Vronko based his opinion on the 256GB of system memory that the iPad contains. "That was a pretty big surprise," he said last Saturday after finishing his iPad teardown. "I expected 512GB or more. The 256GB shows that it's a single-core processor [inside the A4]."

If Apple had equipped the iPad's A4 with more system memory, Vronko continued, it would be a good clue that the company would implement full multitasking at some future date, perhaps with a software update to the tablet's operating system. Apple is, in fact, set to unveil iPhone 4.0 on Thursday, and although many expect to see some measure of multitasking added to the OS, one analyst yesterday said he thought that some form of limited multitasking would be the likeliest move.

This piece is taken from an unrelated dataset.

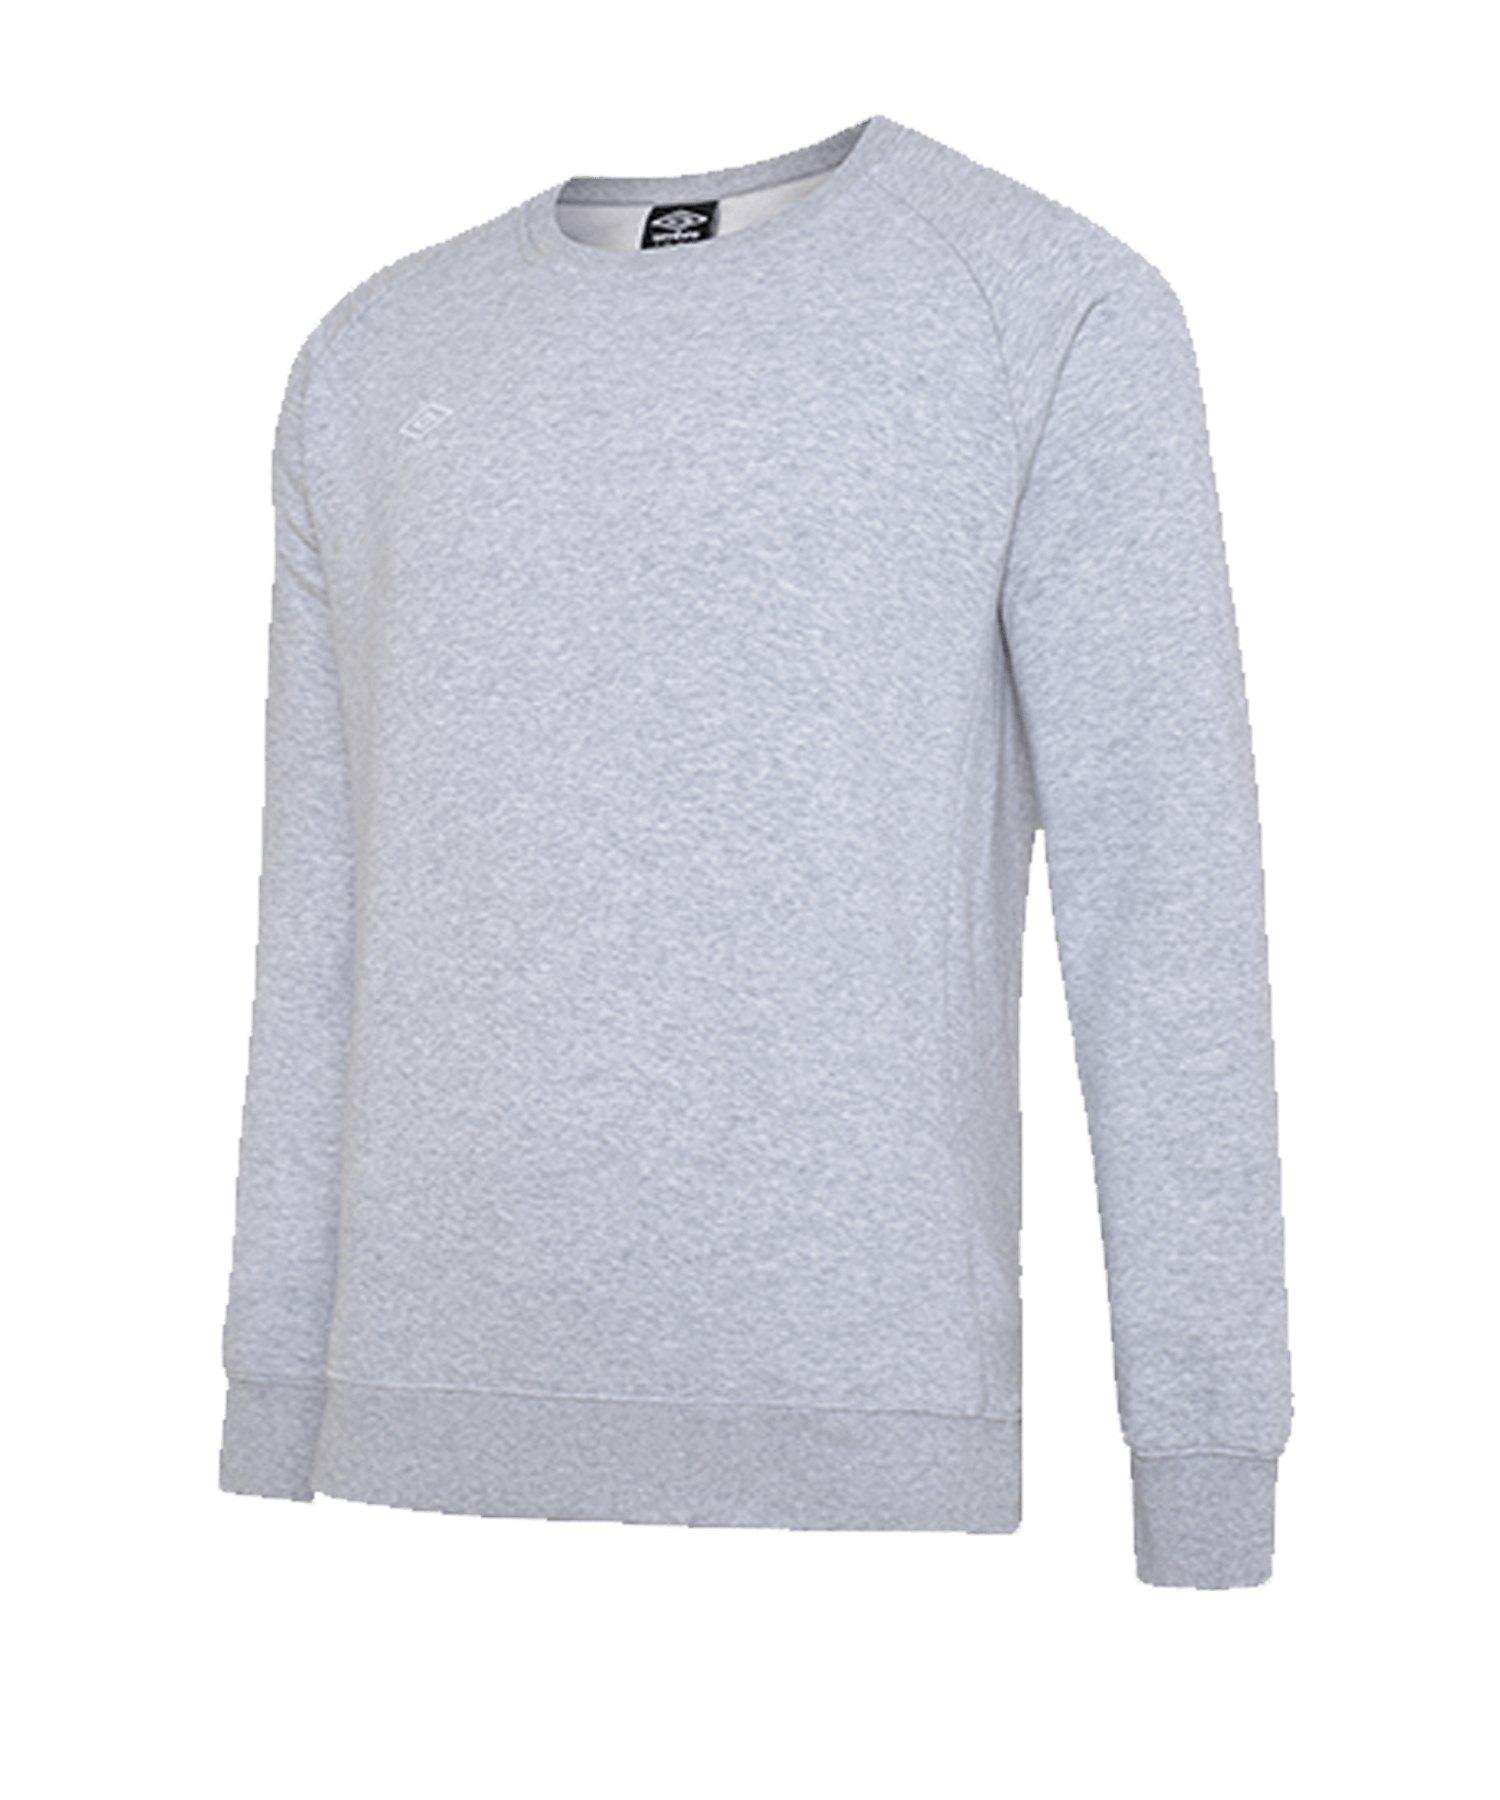 Umbro Club Leisure Sweatshirt Grau FP12 - grau

"With 512GB, it would almost be a crime not to do multitasking, even with a single-core processor," Vronko said.

Others have gone even deeper than Vronko in examining the A4 and its internal architecture. iFixit, a site that specializes in writing self-repair guides for Apple's hardware, teamed with Chipworks , a semiconductor reverse-engineering company, to peek inside the A4. On one count, the iFixit-Chipworks investigation agreed with Vronko: The iPad uses a single-core processor . iFixit-Chipworks, however, said that the processor running the iPad "must be the ARM Cortex A8."

Vronko disagreed. Although ARM's A9 architecture supports multi-core, there's no rule that says it cannot be used to design a single-core chip. "There are no off-the-shelf ARM chips, there are only blueprints," he noted, referring to the design specifications that companies, like Apple, license from ARM.

"The speed increases [in the benchmarks] aren't possible with just the clock speed increase of the A4," he added, using the 67% boost provided by the iPad's 1GHz A4 to argue that the SoC integrates an ARM Cortex-A9, not an A8.

According to ARM's Web site , the Cortex-A9 is available in either single- or multi-core processor configurations.